Farrah provided me with my first fully conscious ideas about the divide between TV stars and Movie Stars: TV stars were part of the fabric of every day life, movie stars were more godlike, unattainable celebrities for the special occasions. TV stars were famous for the character they played, movie stars for playing themselves. Etcetera. The divide was much clearer before, say, the 90s. But I remember feeling sort of weirdly proud of her when she was "promoted" to movies very very briefly for Extremities (1986) --which I didn't even see! -- after people suddenly realized she could act after her "deglam" abused wife role in The Burning Bed, a major television event in 1984. Farrah was nominated for both a Golden Globe and an Emmy for the Bed role, arguably the peak of her career, though she had amazing capacity for staying famous.

Rest in peace, Farrah.

Our hearts go out to her family and especially to Ryan O'Neal her life partner for the past three decades, himself a 70s superstar.
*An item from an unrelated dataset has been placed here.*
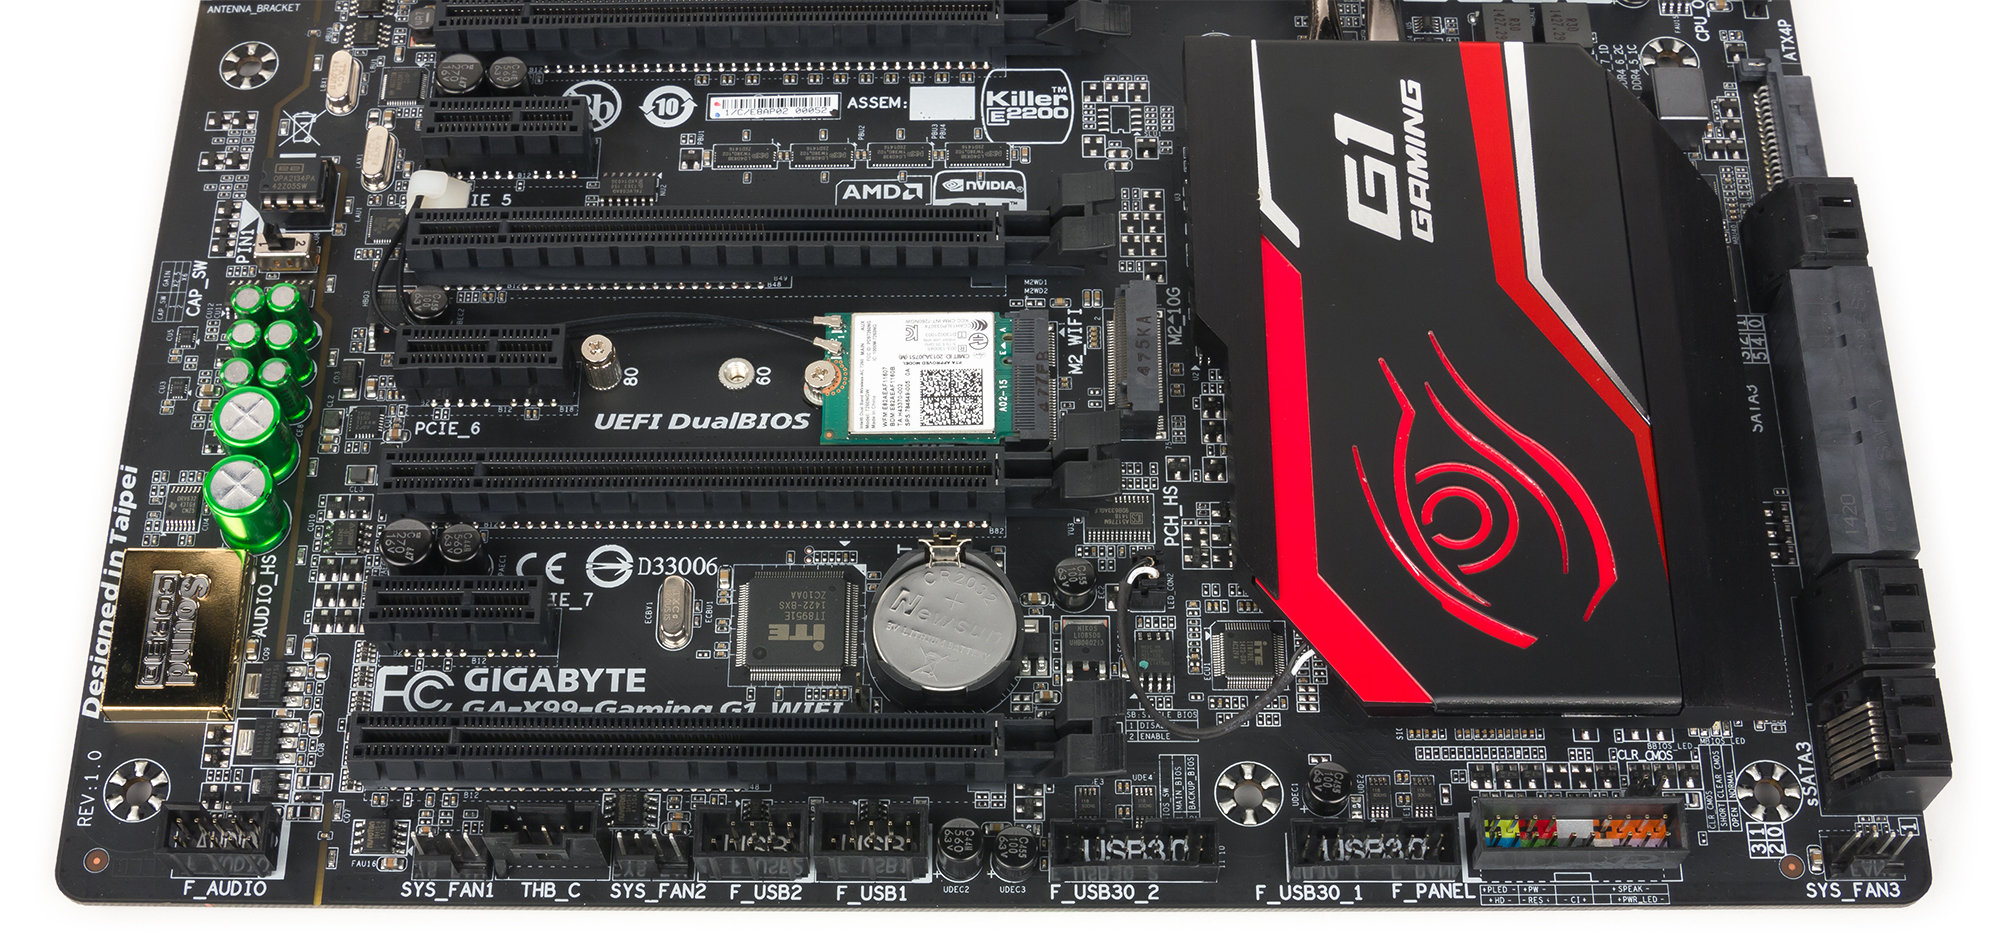 X99 reg. Gigabyte ga-x99-Gaming g1 WIFI. PCI Express 2.0 DUALBIOS. Gigabyte x99 g1 Gaming WIFI. Gigabyte 990x.

They had that in common though Ryan's fame was from the other side of the divide. He hasn't been a major movie presence since the early 80s but he was a true A Lister in the 70s as Barbra Streisand's two-time sparring partner (What's Up Doc? and The Main Event), Peter Bogdanovich's preferred muse (Paper Moon, Nickelodeon) and star of the Oscar Best Picture nominees Love Story and Barry Lyndon.